Background: The Dilemma of Knowledge Timeliness in Large Language Models

Modern chain-of-thought large language models can solve undergraduate and graduate-level problems, but perform poorly in fields requiring the latest knowledge, such as current news and AI developments. Although they can be supplemented with search tools or context, the models' internal reasoning ability for recent developments remains weak (e.g., struggling to reason about their own capabilities or industry status). This gap in knowledge timeliness affects practicality and limits the application value of models in rapidly evolving fields.

3

Section 03

Testing Method: Calibrating Knowledge Boundaries Using Celebrity Death Records and a Two-Stage Process

The CutoffDateTesting project uses celebrity death records (absolute, clearly timestamped, publicly concerned, and verifiable) to calibrate the knowledge boundaries of models.
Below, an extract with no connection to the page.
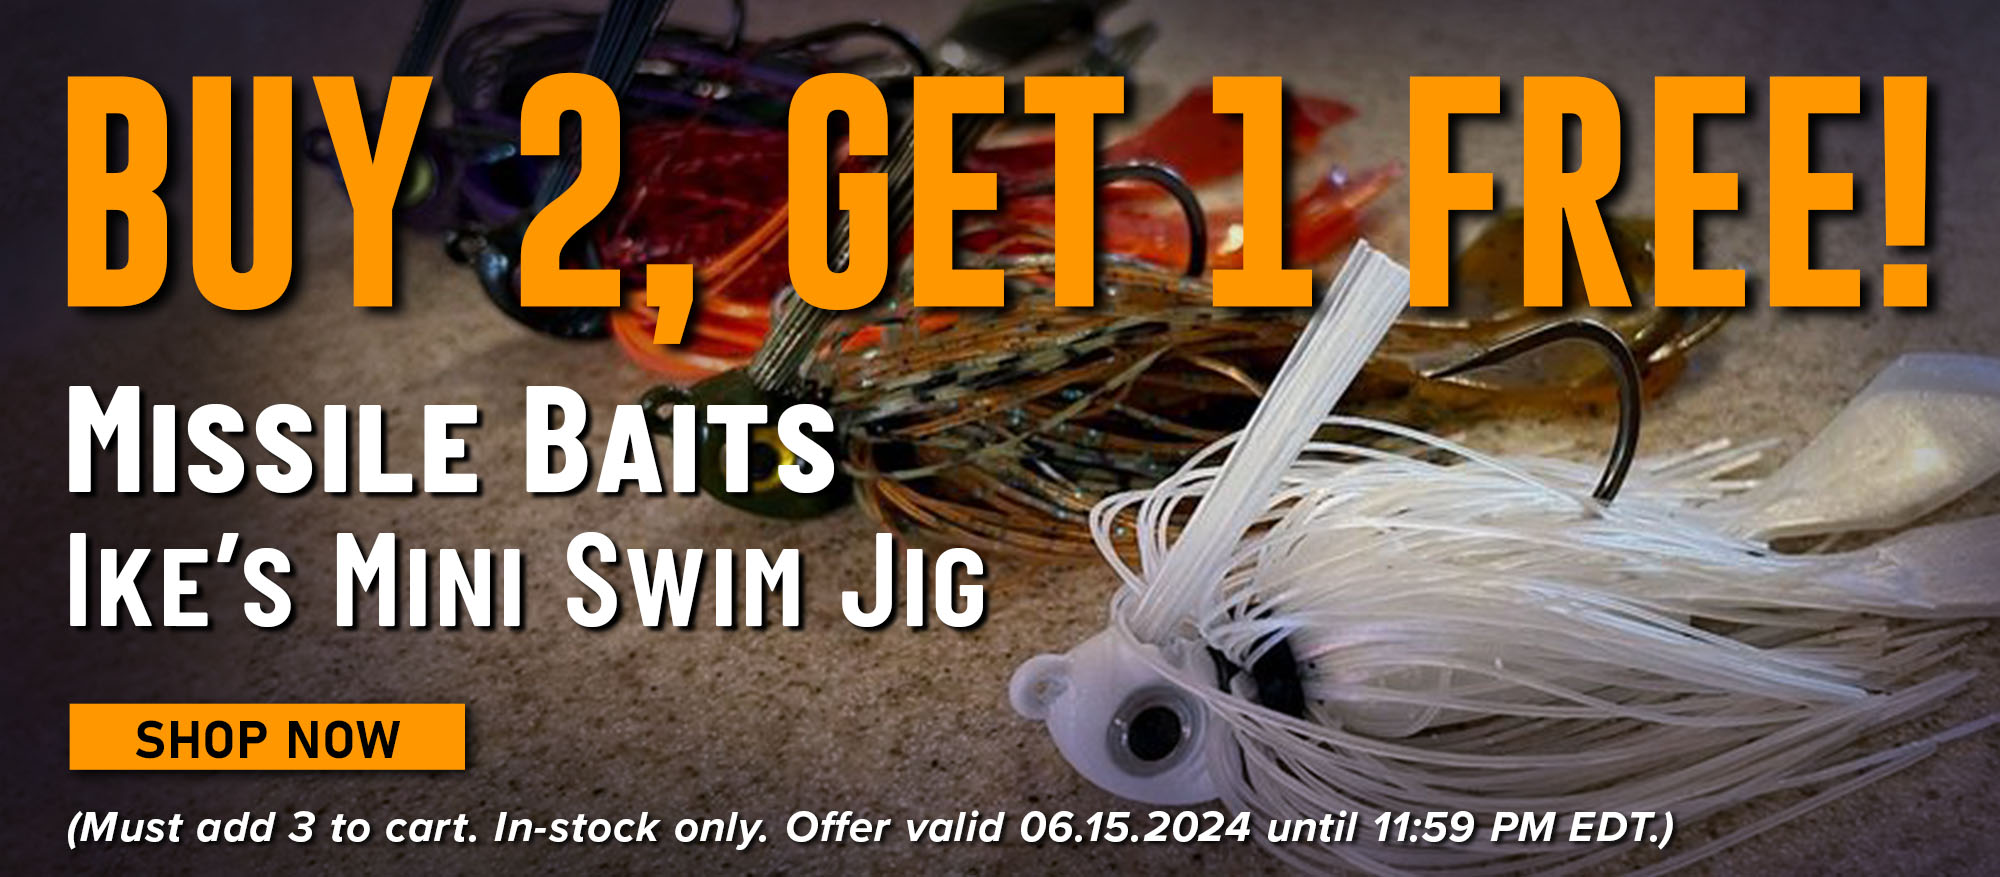 Buy 2, Get 1 Free! Missile Baits Ike's Mini Swim Jig Shop Now (Must add 3 to cart. In-stock only. Offer valid 06.15.2024 until 11:59 PM EDT.)
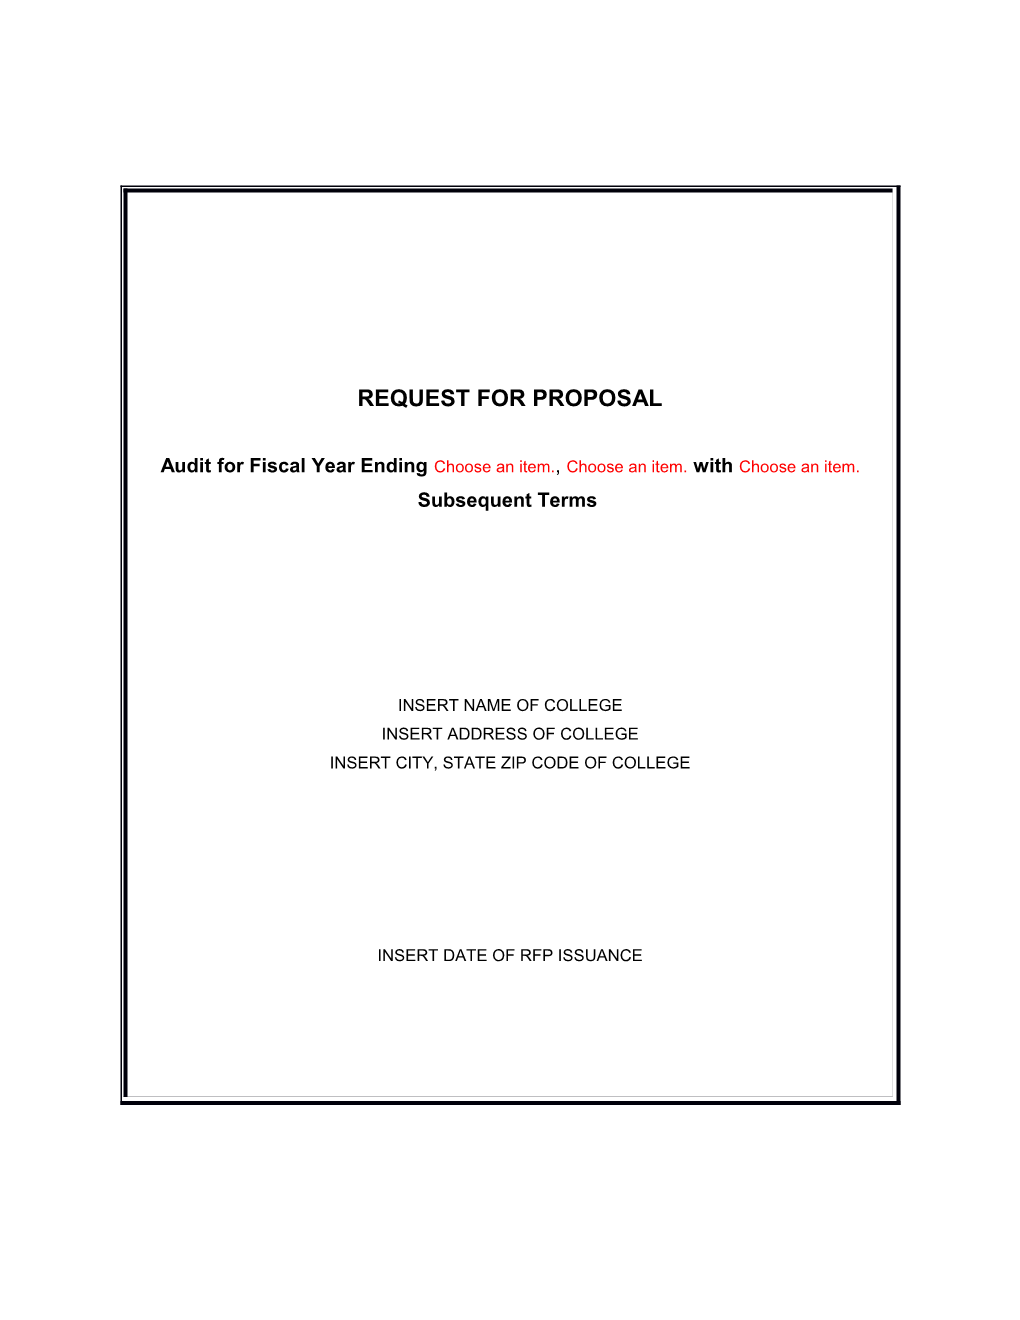 Request for Proposal Audit for Fiscal Year Ending August 31,1996

To address differences in baseline knowledge among models, a two-stage test was designed:

  1. Knowledge Check: Ask the birth year to determine if the model "knows" the celebrity;
  2. Status Check: For those who pass, ask if the celebrity is alive, and compare with real death records to determine the cutoff date. The dataset is from Wikipedia's "Notable Deaths in [Month]" pages, processed by automated scripts plus manual repairs, and finally contains 43,082 data points (Jan 2020 - Dec 2025).
4

Section 04

Key Findings: The Huge Gap Between Manufacturers' Claims and Actual Performance

After testing Claude Haiku/Sonnet/Opus4.5, Gemini3 Flash, Gemini2.5 Flash Lite, and GPT-5.2, the following findings were made:

  • Clarity of cutoff date: Gemini has only a 1-2 month blurry zone, while Claude/GPT-5 have long decay tails ranging from 6 months to 2 years;
  • Discrepancy between claims and reality: Claude/GPT-5 are officially marked to have a cutoff date of August 2025, but their accuracy at that time is 5 times lower than Gemini;
  • Impact of model size: Gemini2.5 Flash Lite performs worse than Gemini3 Flash, indicating that size has a direct impact on knowledge retrieval ability.
5

Section 05

Technical Limitations and Future Research Directions

The current task is only based on internal knowledge retrieval, and it is speculated that additional reasoning tokens have minimal improvement on performance. Future research directions:

  • Vendor and size trends: Test historical data and updated models to study patterns between Google vs OpenAI/Anthropic, small models vs large models;
  • Open-source models: Focus on the Gemma model to explore whether Google's outstanding performance is due to integrating search result data;
  • Continuous learning: Test whether the Grok model truly has better continuous learning capabilities;
  • Scaling laws: Test the differences in raw recall tasks between small and large models;
  • Reasoning token effect: Test the impact of reasoning tokens on performance.
6

Section 06

Practical Insights: Recommendations for Large Model Users

Insights for users from the research:

  1. Treat manufacturers' claimed cutoff dates with caution; actual timeliness may be significantly lower than expected;
  2. Timeliness tasks need to be supplemented with external knowledge (e.g., RAG, search tools, contextual information);
  3. Consider knowledge breadth when choosing models (Gemini has an advantage in knowledge coverage);
  4. When deploying applications, evaluate the task's demand for knowledge timeliness and design compensation mechanisms.
7

Section 07

Conclusion: Understanding Knowledge Timeliness Limitations is Key to Application

The CutoffDateTesting project, through rigorous empirical research, reveals the real performance of mainstream large models in terms of knowledge timeliness. Although the reasoning ability of large models has improved dramatically, the knowledge update mechanism still has fundamental limitations. For application scenarios that rely on the latest information, understanding these limitations and designing compensation strategies are key to the successful deployment of large model applications.